Exercise requirements → Find all lines with the word "have" in the material, then copy them.

Exercise material →
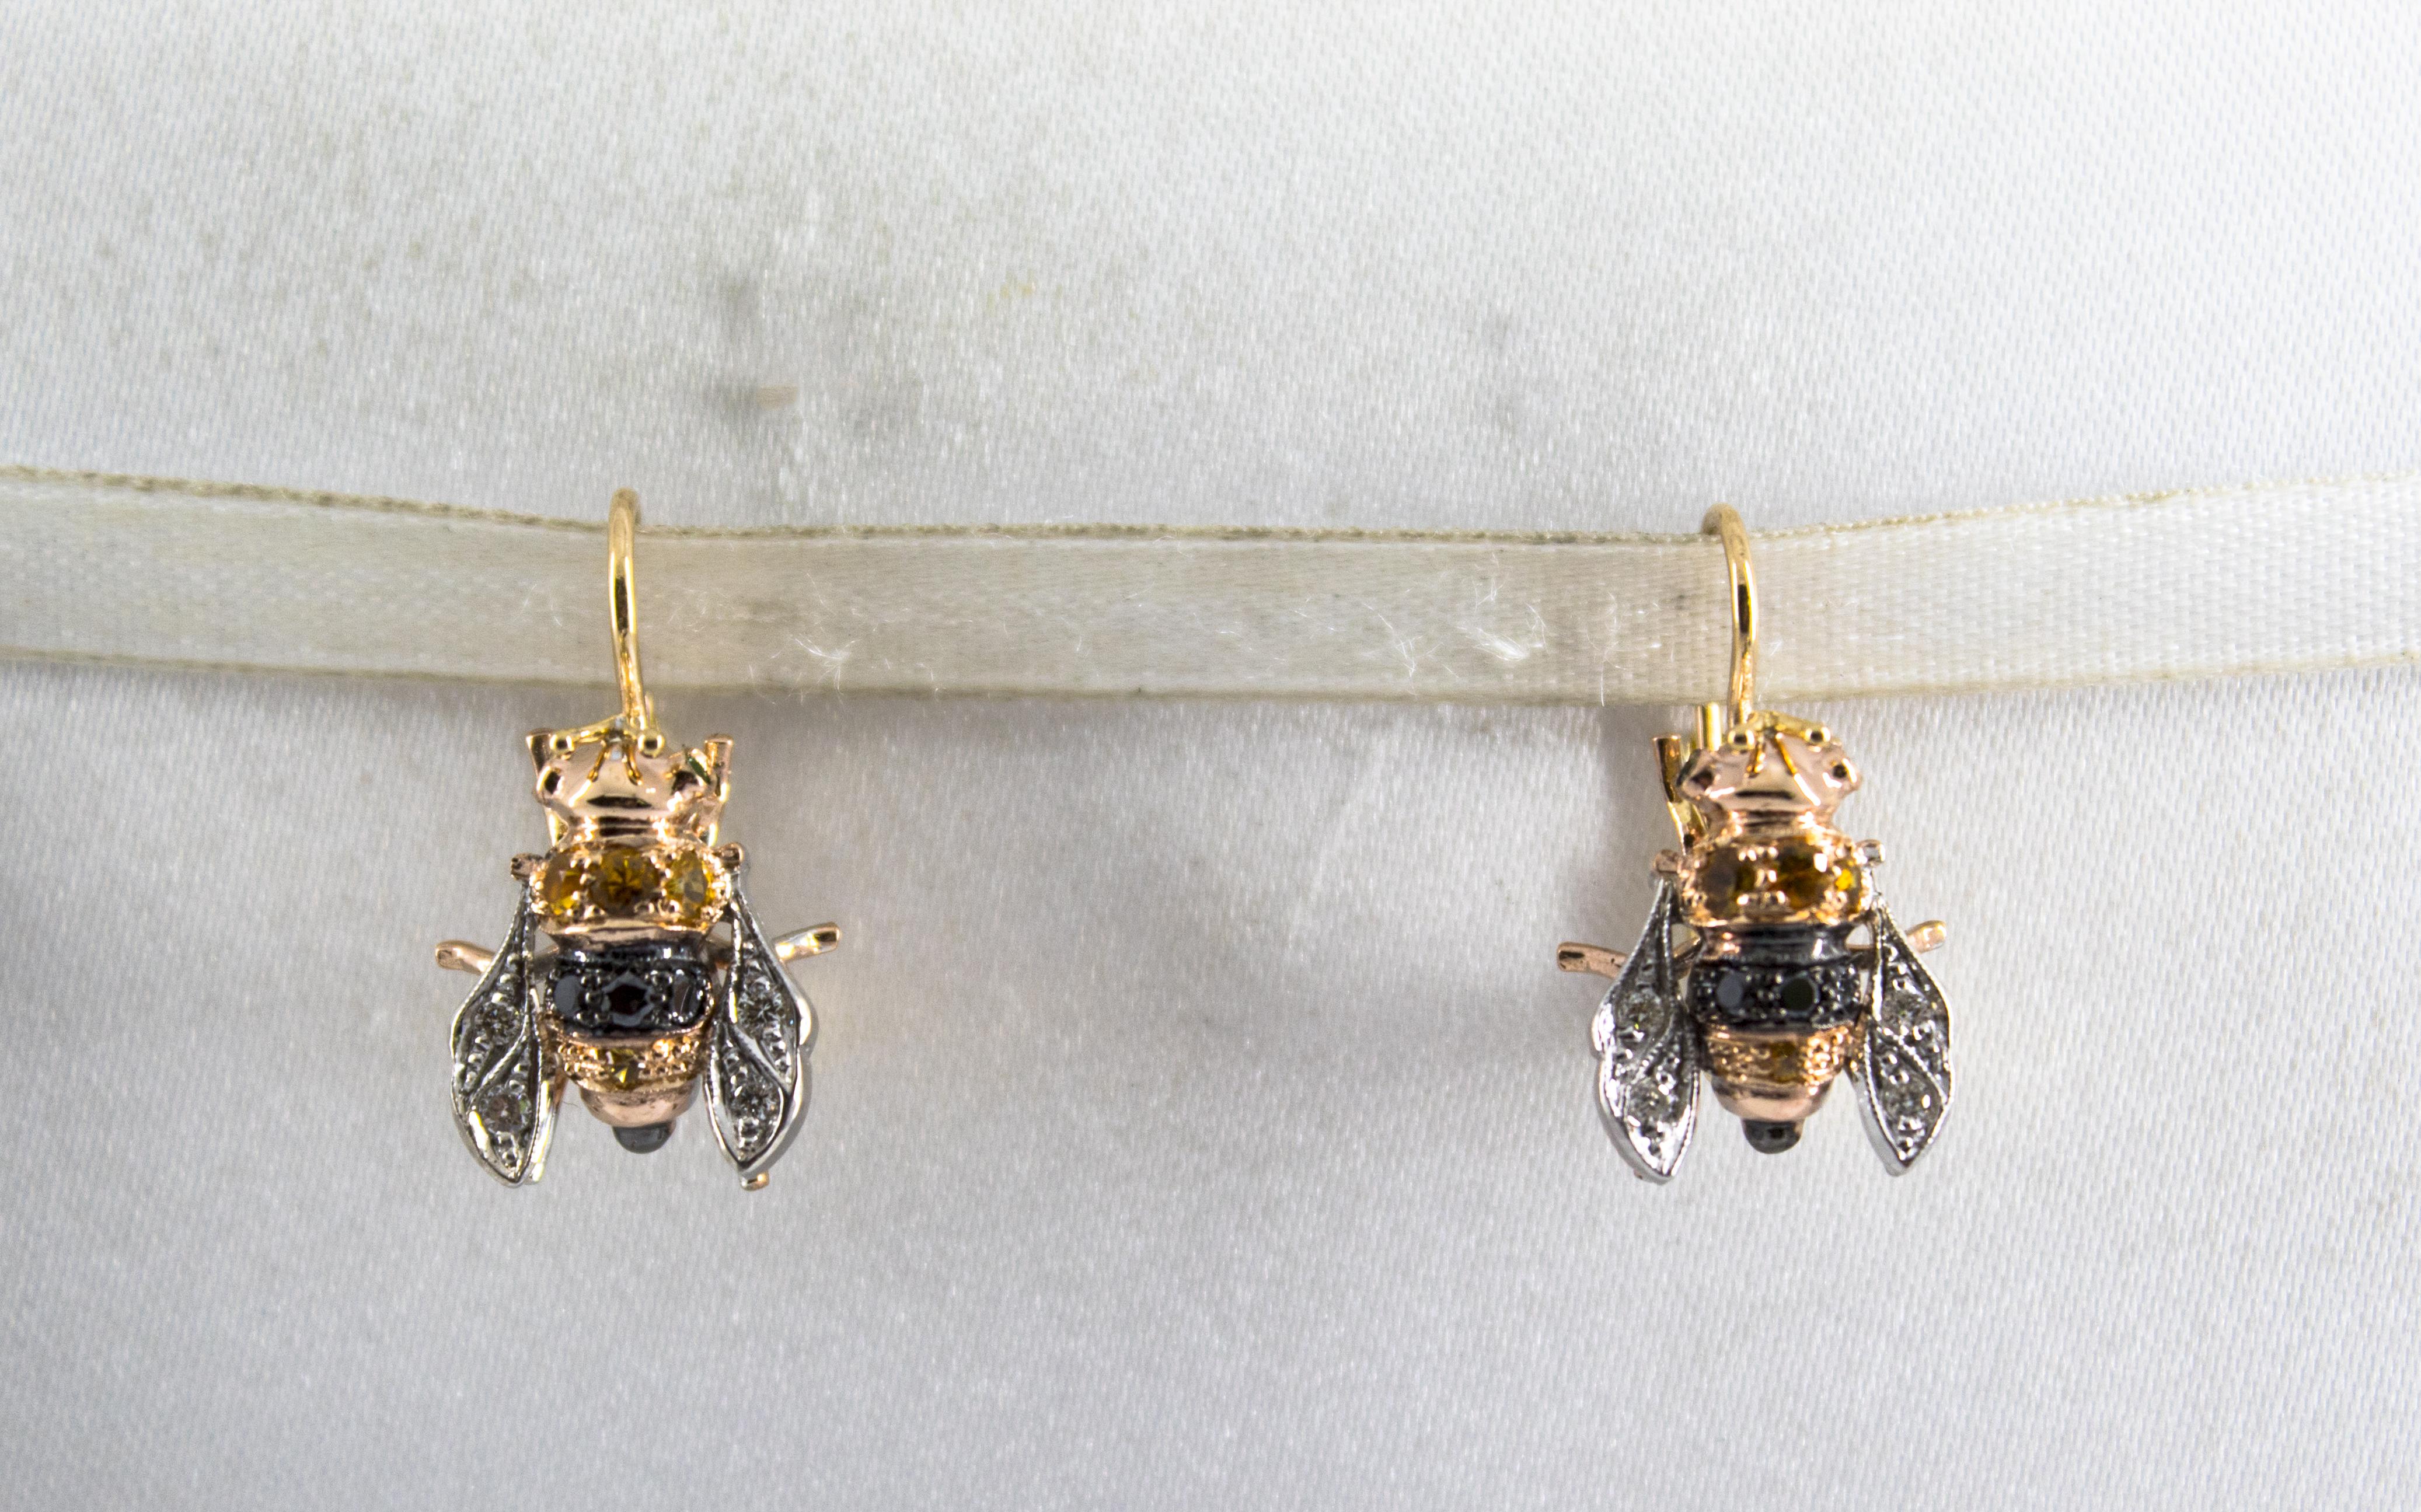 These Earrings are made of 9K Yellow Gold and Sterling Silver.
These Earrings have 0.16 Carats of White Diamonds.
These Earrings have 0.14 Carats of Black Diamonds.
These Earrings have 0.35 Carats of Yellow Sapphires.
All our Earrings have pins for

Result below →
These Earrings have 0.16 Carats of White Diamonds.
These Earrings have 0.14 Carats of Black Diamonds.
These Earrings have 0.35 Carats of Yellow Sapphires.
All our Earrings have pins for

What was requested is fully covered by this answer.